November 4, 2010 | 3:30 pm
Born in Denmark but living in Oaxaca (hence her presence at Latin American Masters), textile artist Trine Ellitsgaard practices a genteel, understated minimalism that nevertheless brims with personality. Although trained as a weaver in Denmark, Ellitsgaard’s work is surprisingly reminiscent of the densely sewn abstractions of Ethiopian artist Elias Sime. Perhaps the similarity is entirely coincidental, or perhaps it can be tied to the influence of life in places where modernist abstraction has found an unlikely counterpart in local artistic traditions.
For example, the wall piece “Cut” is just that, a white rectangle woven from paper thread that has been slit down the middle to create a somewhat vaginal shape.

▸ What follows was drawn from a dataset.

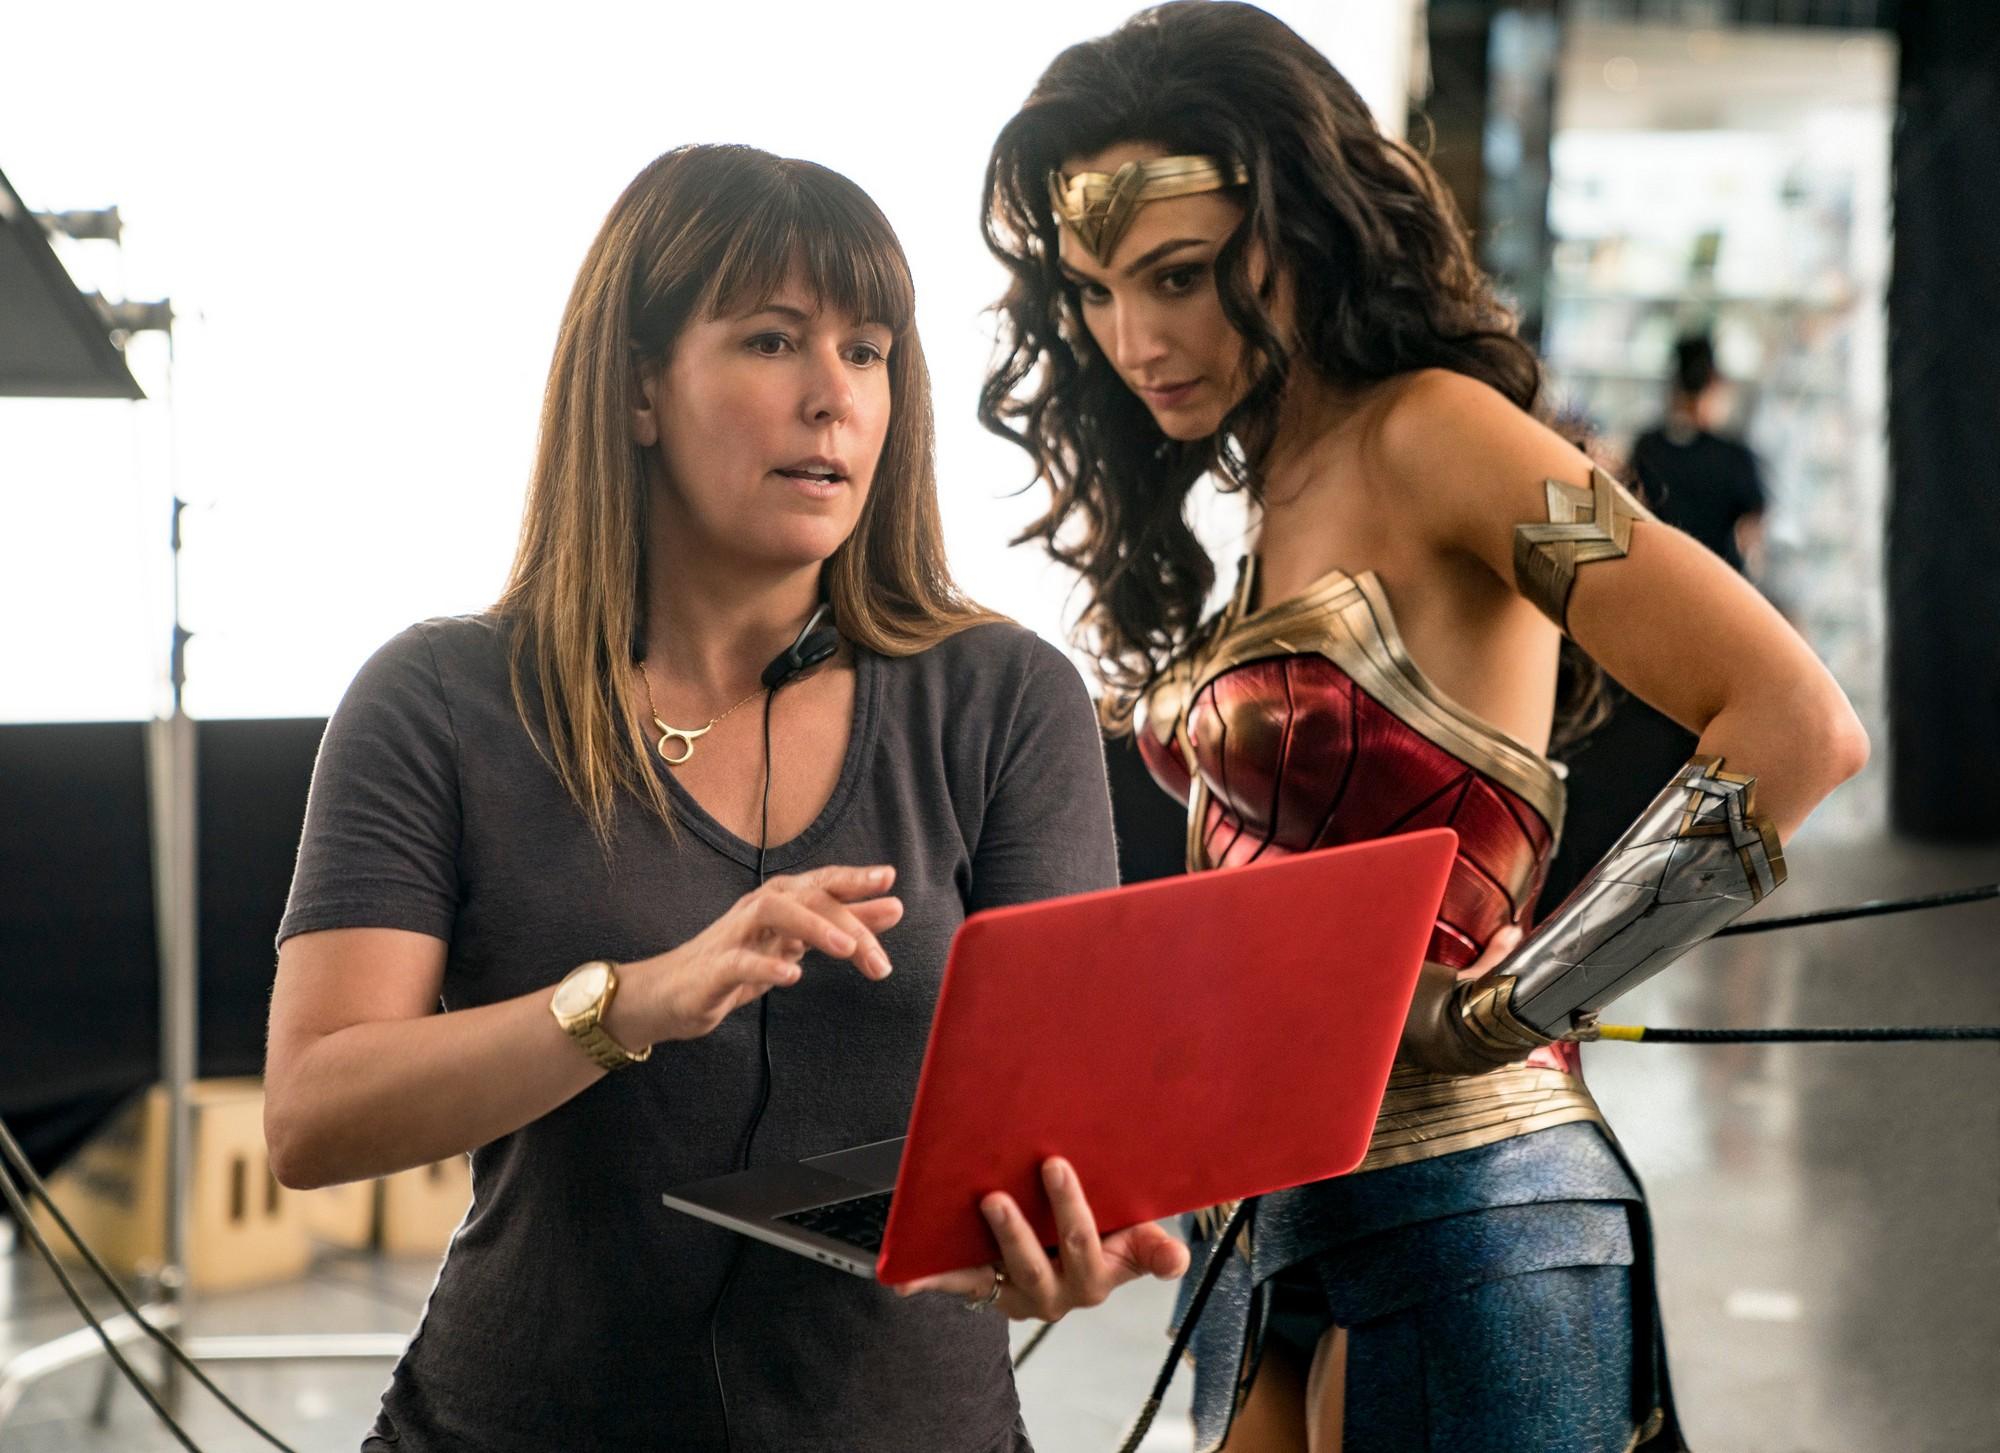 """Фильм """"Чудо-женщина 2"""" / """"Wonder Woman 1984"""" выйдет в стриминговом сервисе  HBO Max и кинотеатрах практически одновременно - в декабре 2020 года -  ITC.ua"""

Neatly spliced into the fabric on either side of the gap are strands of red horsehair that both suggest a bloody wound and literally heal it, bridging the gap with a fine scrim of horizontal lines. With its elemental color scheme and single stripe down the middle, the piece is like a spare sister to the vigorously striated patterns of Oaxacan fabrics.
More evocative is the piece “Red,” in which Ellitsgaard has taken an elaborately woven palm leaf rope created by Oaxacan women and constructed a loose net in which the warp and weft are made of the same long piece interlaced with itself. The work is both a collaboration of sorts and a succinct statement about weaving as a metaphor for continuity and connection in which the opposing geometries of horizontal and vertical are literally of one piece.